Acoustic methods of acoustical power determination
 
  1. A method of irradiated power estimation by determination of a horn oscillation amplitude by a vibrometer results in mistakable results because appearance of cavitation bubbles leads to considerable decreasing of acoustical impedance (rc), r is media density, c is media sound speed. This event is due to decreasing of sound speed in bubbly liquid that can be even smaller then sound speed in the gas. For example, sound speed in cavitating water falls down to two orders of magnitude (from 1500 m/s in pure water to 15-50 m/s!) At cavitation, the acoustic impedance of media is changed significantly and stochastically both in space and in time and also considerable sound speed dispersion takes place. Besides, one can measure the amplitude from the front of the horn only by this method, but the energy irradiated in other directions is determined laboriously.
  2. Computation of the irradiated specific power I is done by the formula:
    I = kU/(rc),
    where conversion coefficient k depends on the type of transducer, U is the voltage on the transducer. Note that k is undetermined in principle (because value of acoustical power is unknown) and varies in a wide range for every irradiator.

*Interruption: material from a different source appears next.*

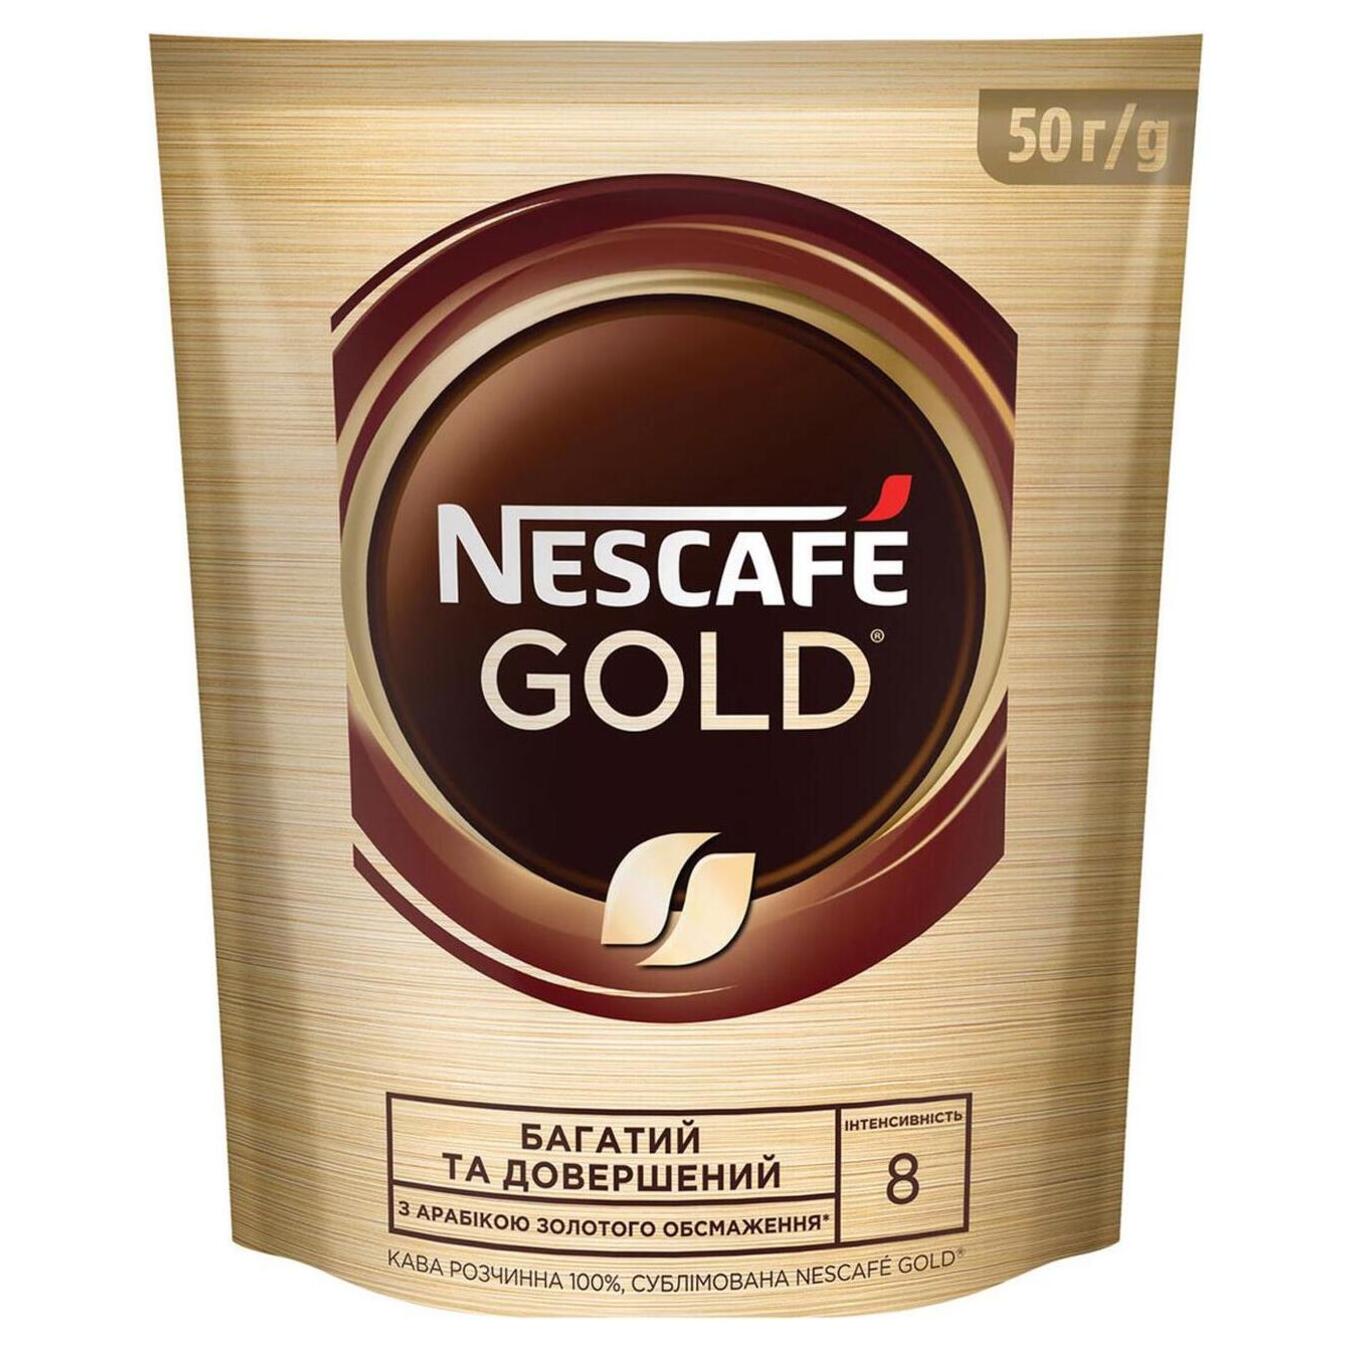 Кофе Nescafe Gold растворимая натуральная мягкая упаковка 50г

  3. Application of piezoelectric or magnetostrictive sensitive elements and thermoelectric method based on the absorption of sound and heating of a calibrated sticky drop, gives some relative parameters in one point (relative method).
  4. Optical measurements (interference and semi shadow methods), based on the measurement of refraction index, need a determined configuration of acoustical parameters. At cavitation, the distribution of acoustical parameters in a liquid is stochastic one and these methods are, obviously, inapplicable (relative method).
  5. Measurement of the radiation pressure in a small liquid volume gives wrong results at presence of multiple reflections of ultrasonic waves. Note, that methods 2-5 need precise determination of rc value and have the same drawback as method 1 considered above (relative method). Consequently, by using of these methods one cannot determine correctly the irradiated acoustical power and moreover the absorbed one as well.